What is expected> Pictures are to be dropped. Everything else in the listing gets copied exactly.

Information provided>
....................
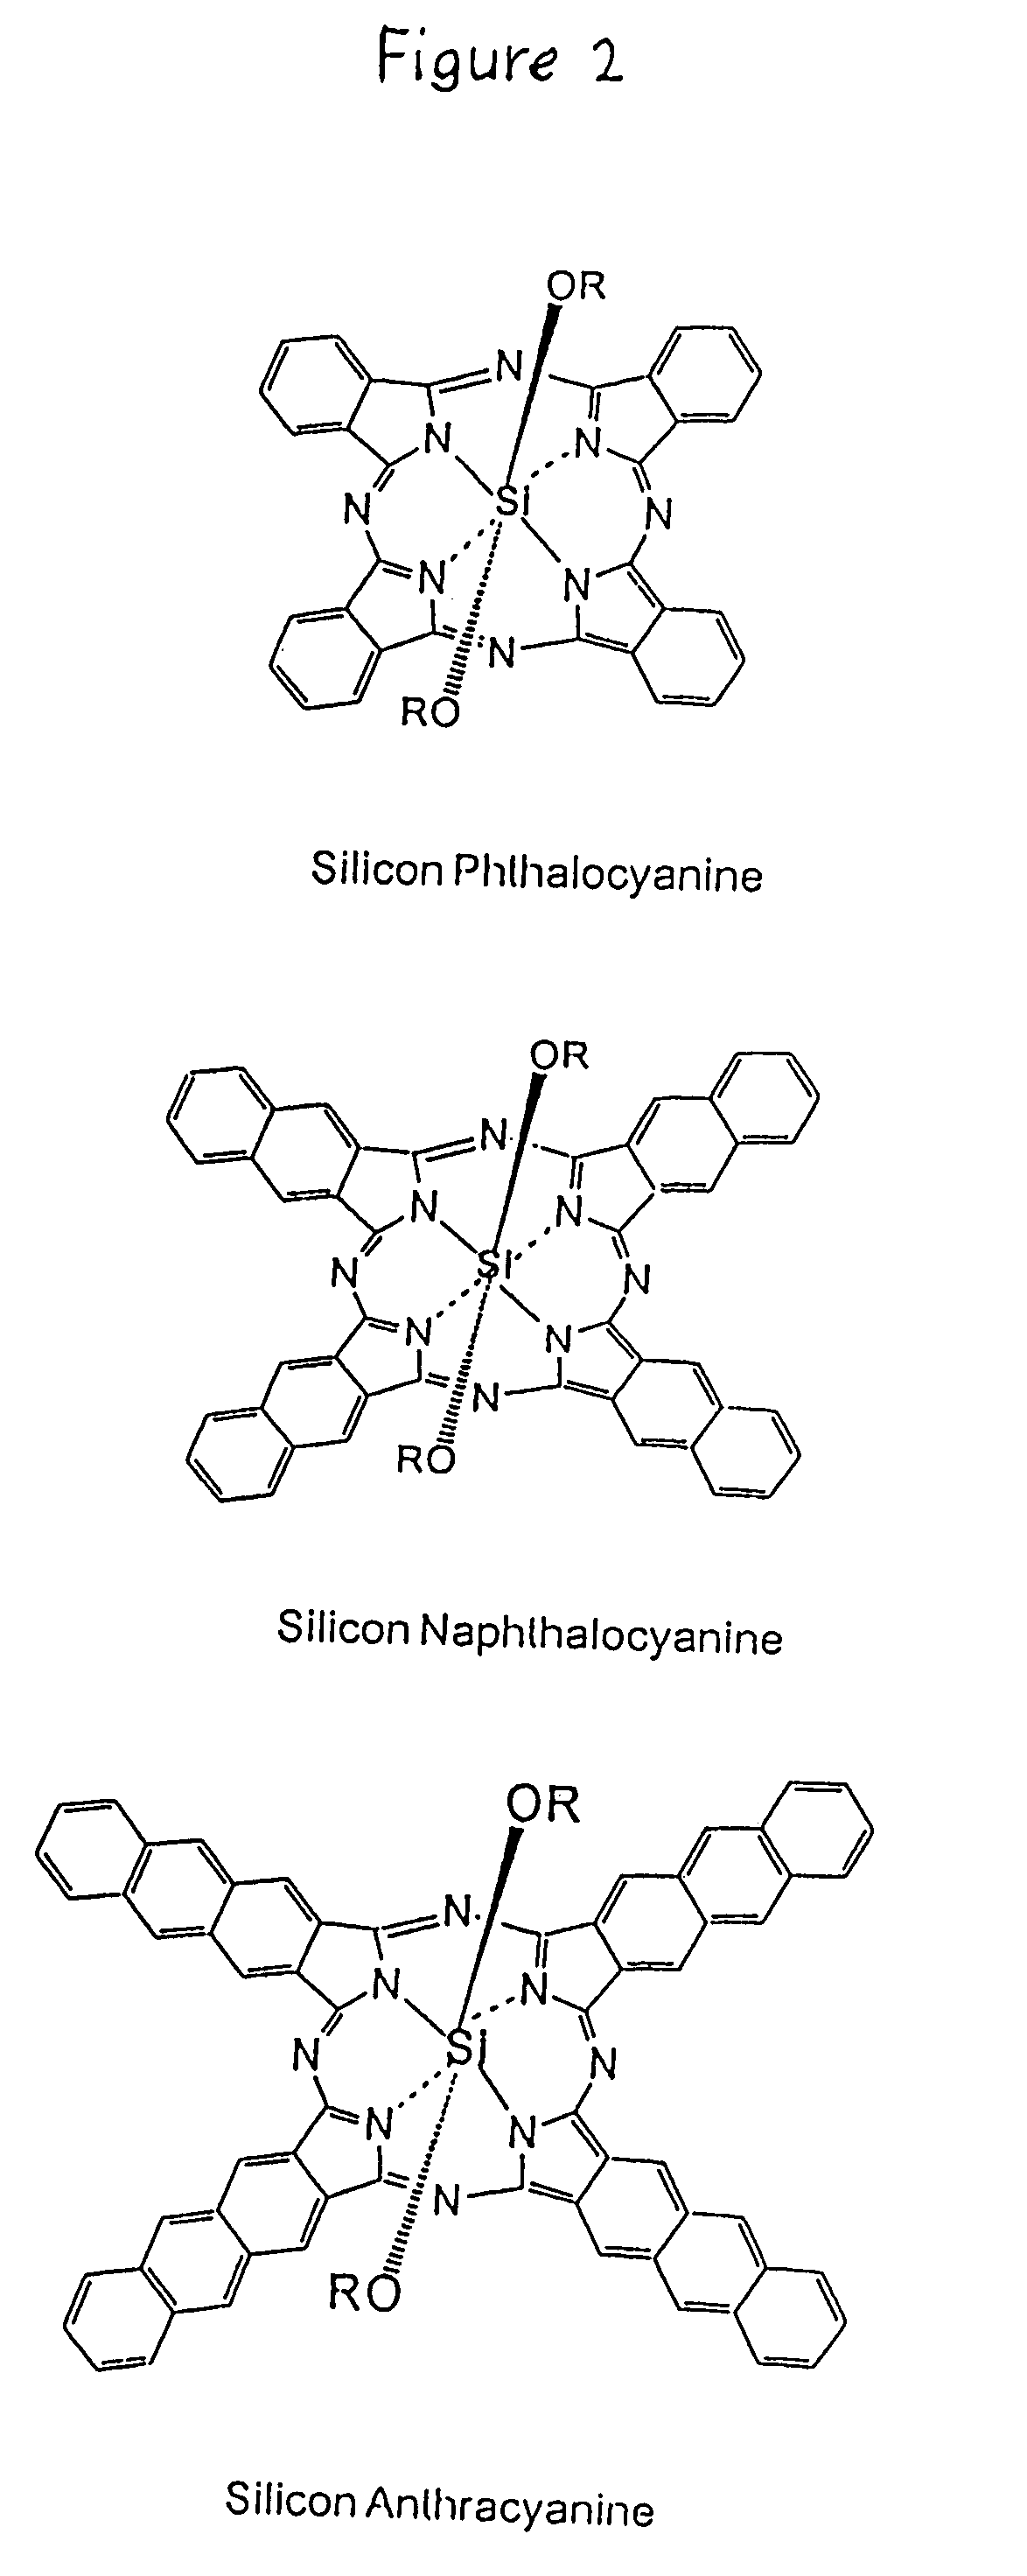 Hybrid phthalocyanine derivatives and their uses
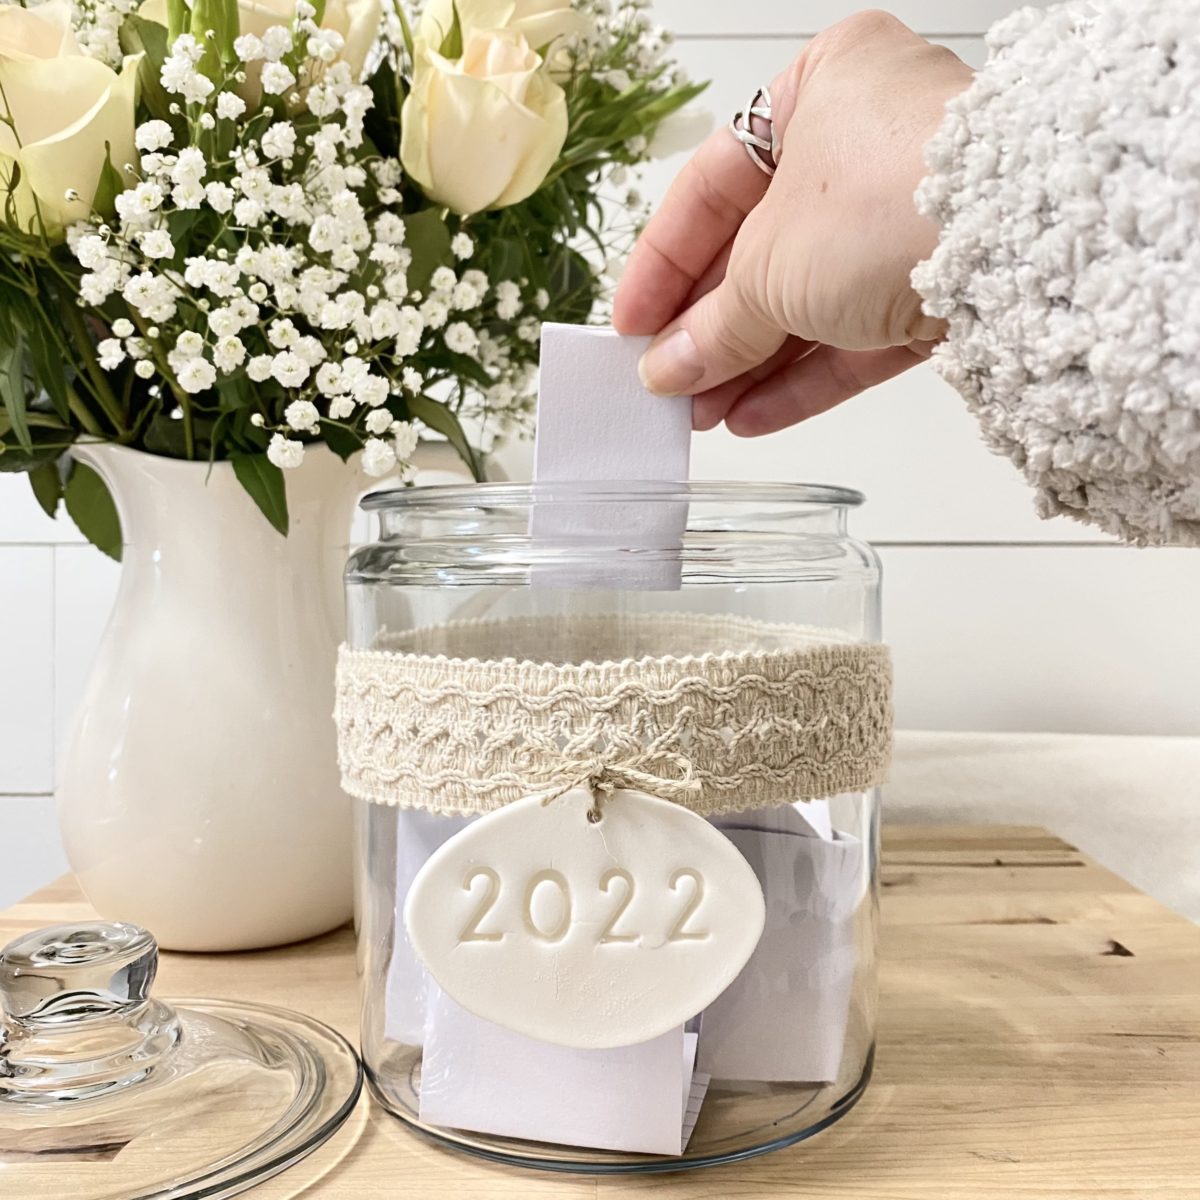 Placing a memory written on a card in the memory jar.
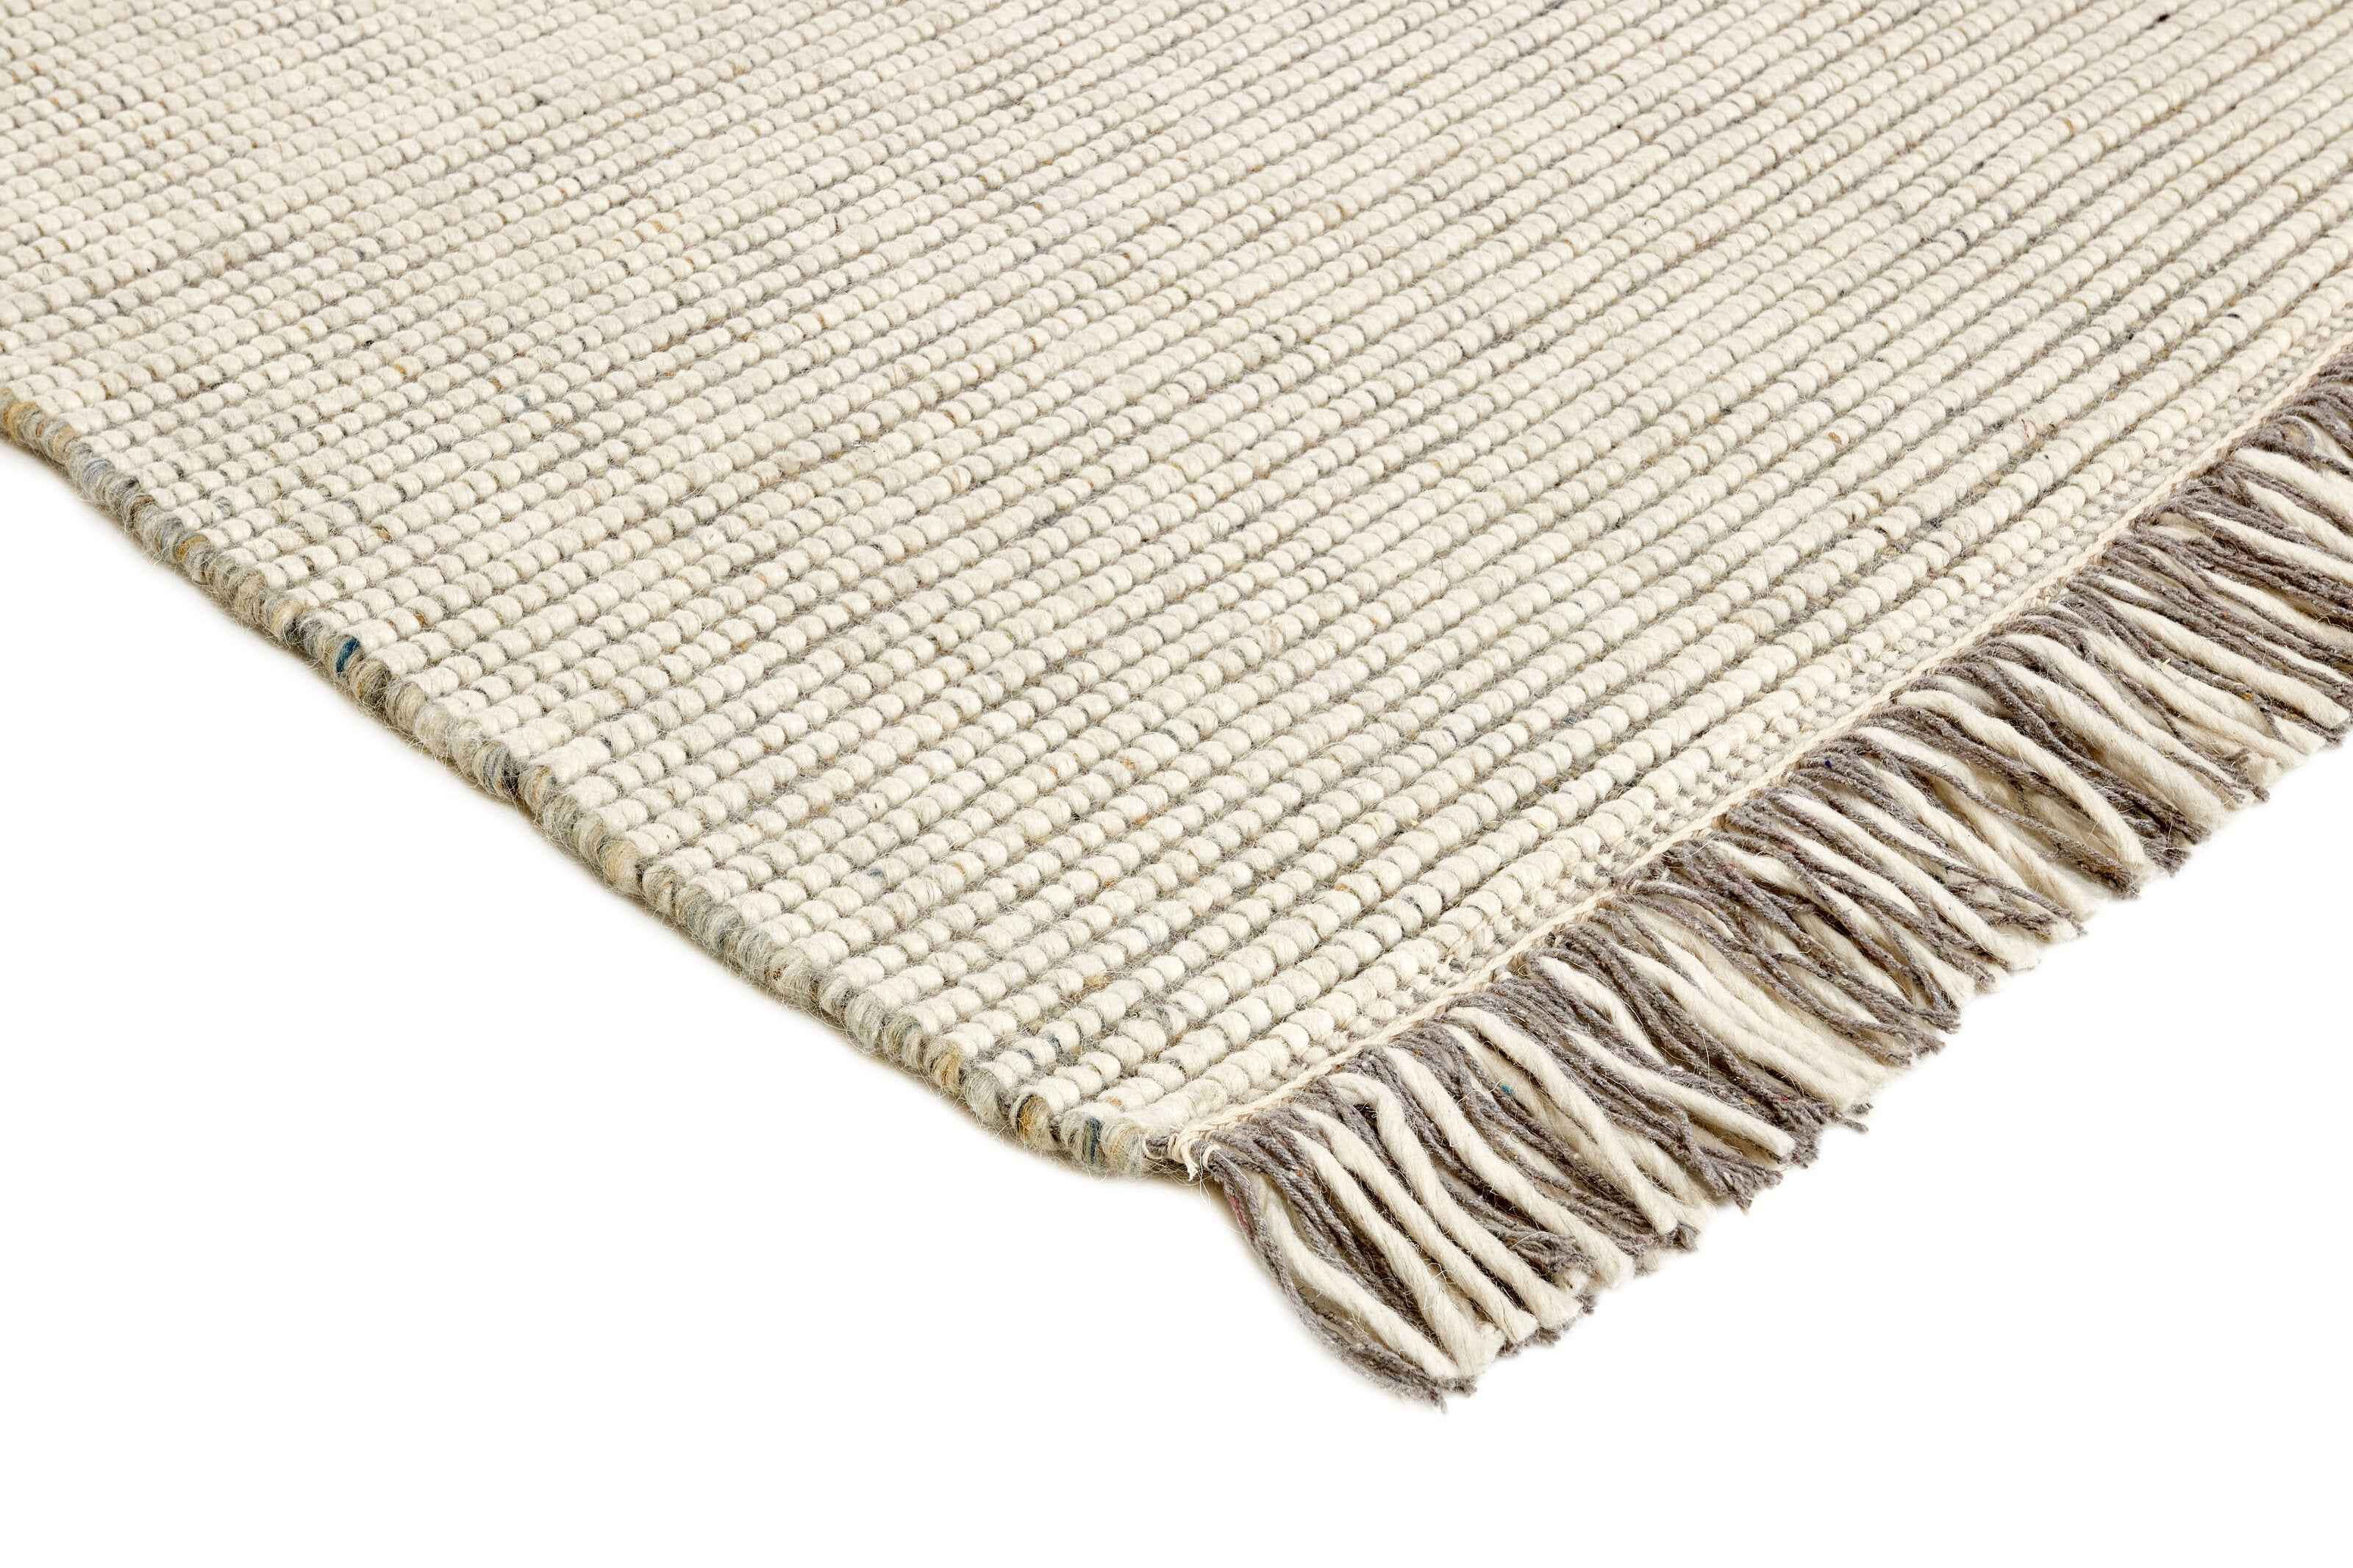 300x300 cm Indian Wool Multicolor Rug-5971A, Grey White - Rugmaster
....................
Answer area>
 Hybrid phthalocyanine derivatives and their uses
 Placing a memory written on a card in the memory jar.
 300x300 cm Indian Wool Multicolor Rug-5971A, Grey White - Rugmaster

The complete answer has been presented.